◆ Material to process ◆
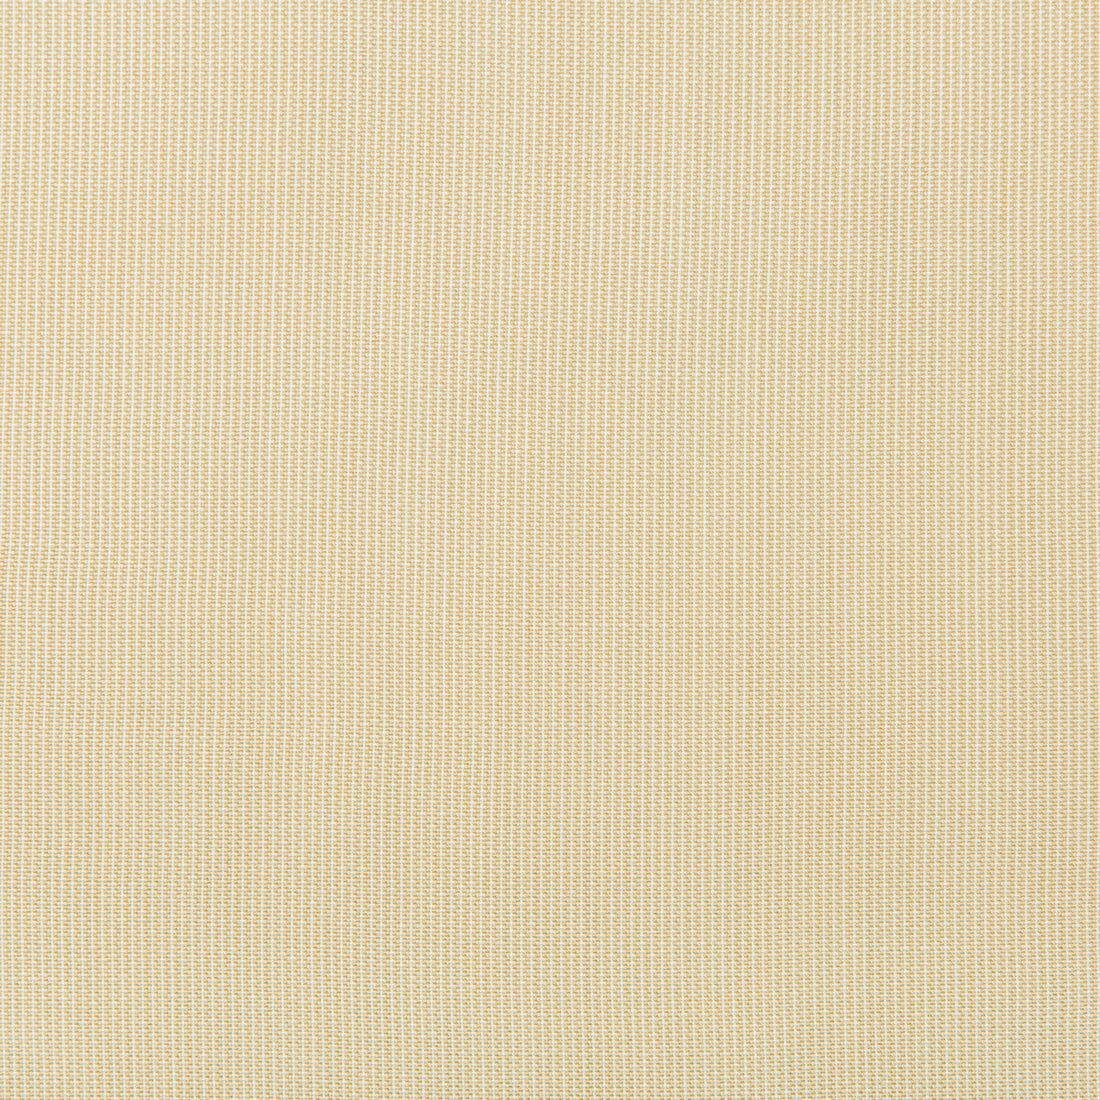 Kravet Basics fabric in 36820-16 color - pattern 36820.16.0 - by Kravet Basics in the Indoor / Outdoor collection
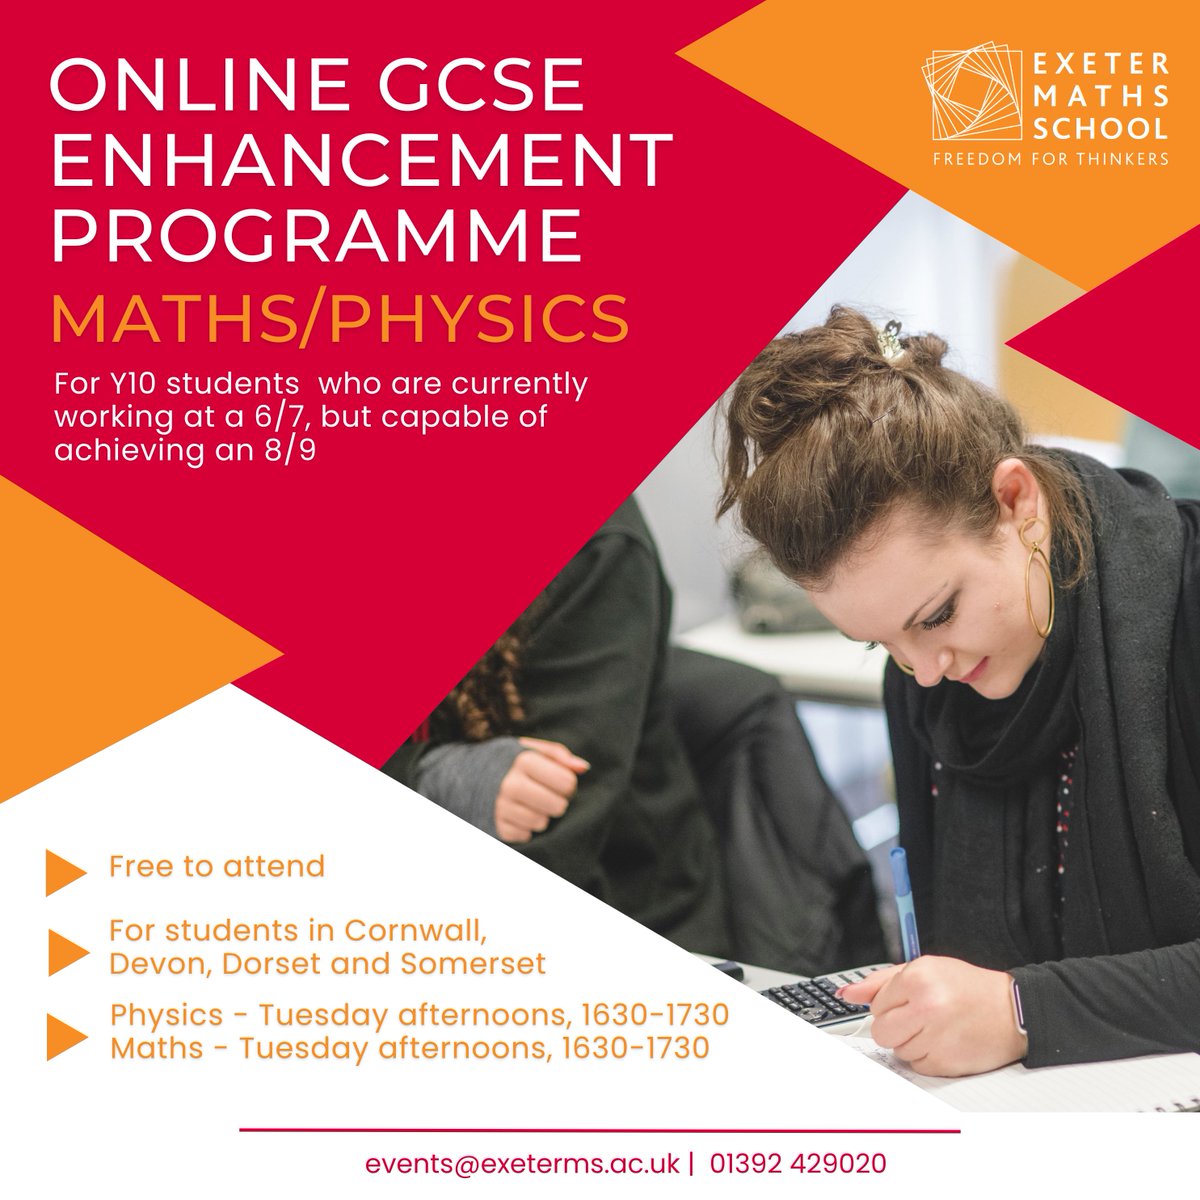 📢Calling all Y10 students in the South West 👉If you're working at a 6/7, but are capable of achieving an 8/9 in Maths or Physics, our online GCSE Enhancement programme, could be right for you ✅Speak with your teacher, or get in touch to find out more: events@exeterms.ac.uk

--

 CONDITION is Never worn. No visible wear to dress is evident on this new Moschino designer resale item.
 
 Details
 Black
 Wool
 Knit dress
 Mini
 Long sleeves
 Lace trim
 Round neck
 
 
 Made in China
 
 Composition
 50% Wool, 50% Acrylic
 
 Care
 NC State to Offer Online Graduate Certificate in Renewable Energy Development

* * *

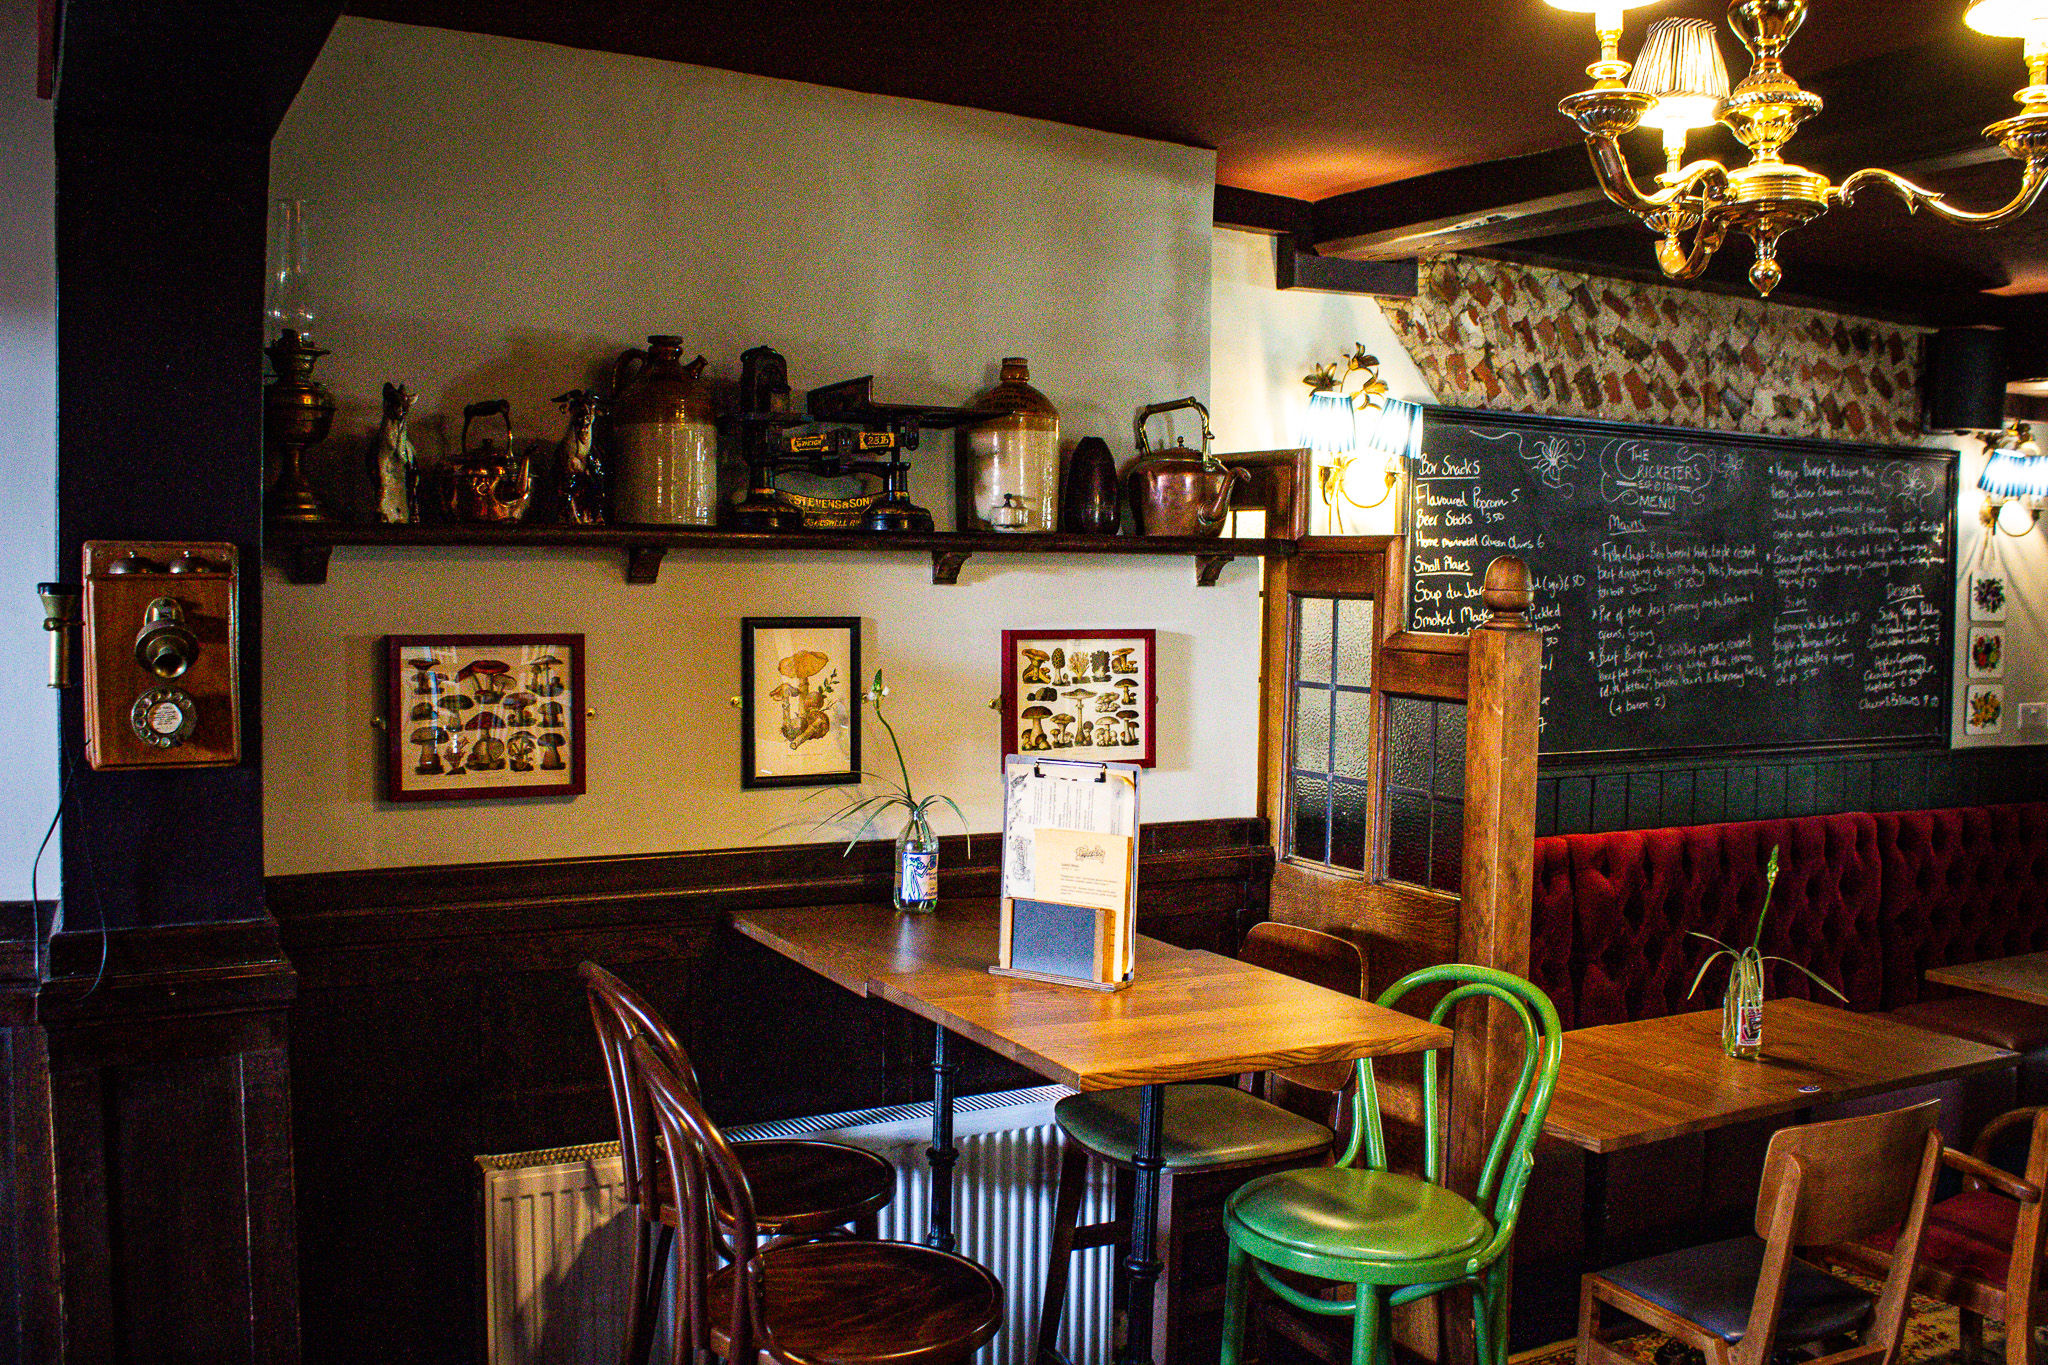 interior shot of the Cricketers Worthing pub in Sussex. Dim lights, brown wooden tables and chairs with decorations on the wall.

◆ Work request ◆
Look above for the line with "Kravet Basics fabric" and the line with "out more: events@exeterms.ac.uk". Copy them and every line between, exactly, but no pictures.

◆ Output ◆
 Kravet Basics fabric in 36820-16 color - pattern 36820.16.0 - by Kravet Basics in the Indoor / Outdoor collection
 📢Calling all Y10 students in the South West 👉If you're working at a 6/7, but are capable of achieving an 8/9 in Maths or Physics, our online GCSE Enhancement programme, could be right for you ✅Speak with your teacher, or get in touch to find out more: events@exeterms.ac.uk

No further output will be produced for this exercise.